We’ve noticed on a couple forums that use Discourse to mirror a public mailing list some posts are getting attributed to the wrong user:
from: [ruby-talk:444110] exif - photo metadata - ruby-talk - Ruby Mailing List Mirror
In this case, Discourse first staged a user with the name “Austin Ziegler via ruby-talk” with an email address matching the list submission address and that’s what shows up for every post like this.
from: txt.att.net outage? - #4 by Mailman - Mailman List Mirror (Read Only) - NANOG
In this case, Discourse first staged a user with the name “Mailman” with an email address matching the list submission address.

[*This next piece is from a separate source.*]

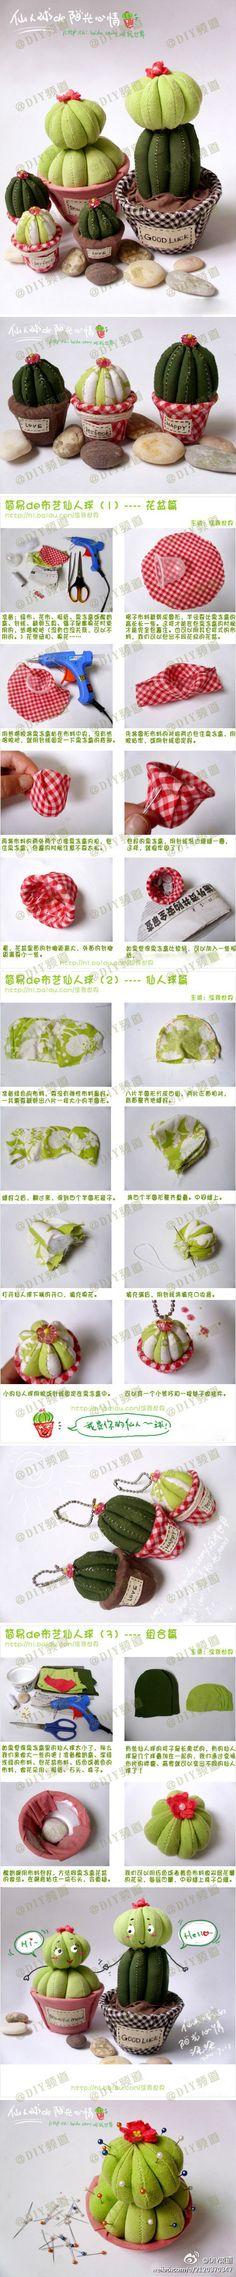 Cactus Pincushions • tutorial information shown in image.

Upon investigation, our mail parsing is sometimes incorrect. The cause is that for DMARC compliance, Mailman will sometimes change the From header to itself and put the original sender into the reply-to:
To: Ryan Davis via ruby-talk
X-MailFrom: tom@tomsdomain.com
X-Mailman-Version: 3.3.3
Reply-To: Ruby users <ruby-talk@ml.ruby-lang.org>
From: Tom Reilly via ruby-talk <ruby-talk@ml.ruby-lang.org>
Cc: Tom Reilly <tom@tomsdomain.com>
To: Jared Mauch <jared@jaredsdomain.com>
X-BeenThere: nanog@nanog.org
X-Mailman-Version: 2.1.39
From: Owen DeLong via NANOG <nanog@nanog.org>
Reply-To: Owen DeLong <owen@owensdomain.com>
Cc: nanog <nanog@nanog.org>
but leave it when it doesn’t need to change:
To: Jon Lewis <jlewis@jonsdomain.org>
X-BeenThere: nanog@nanog.org
X-Mailman-Version: 2.1.39
From: William Herrin <bill@billsdomain.us>
Cc: nanog@nanog.org
Seems there’s a lot of different options for behaviour here, so we’d like to come up with an algorithm to properly parse what Mailman sends out in every single case.
There’s potentially other options, for instance Mailman could post the unchanged message directly to a Discourse instance, but those are more complex to set up and may not be available to everyone.
Here’s the start of one:
- if mailman-version < 3
- if any of:
- From address matches List-Id
- From address matches List-Post
- From address matches X-BeenThere
- then use Reply-To as From
- if any of:
- if mailman-version >= 3
- if X-MailFrom exists
- Use name from From header, stripping
/via .*/
- Use email from X-MailFrom
- Use name from From header, stripping
- if X-MailFrom exists
Also, when all this is said and done, is it possible to have a rake task re-process existing posts (probably only the ones matching the erroneous user) with this new logic?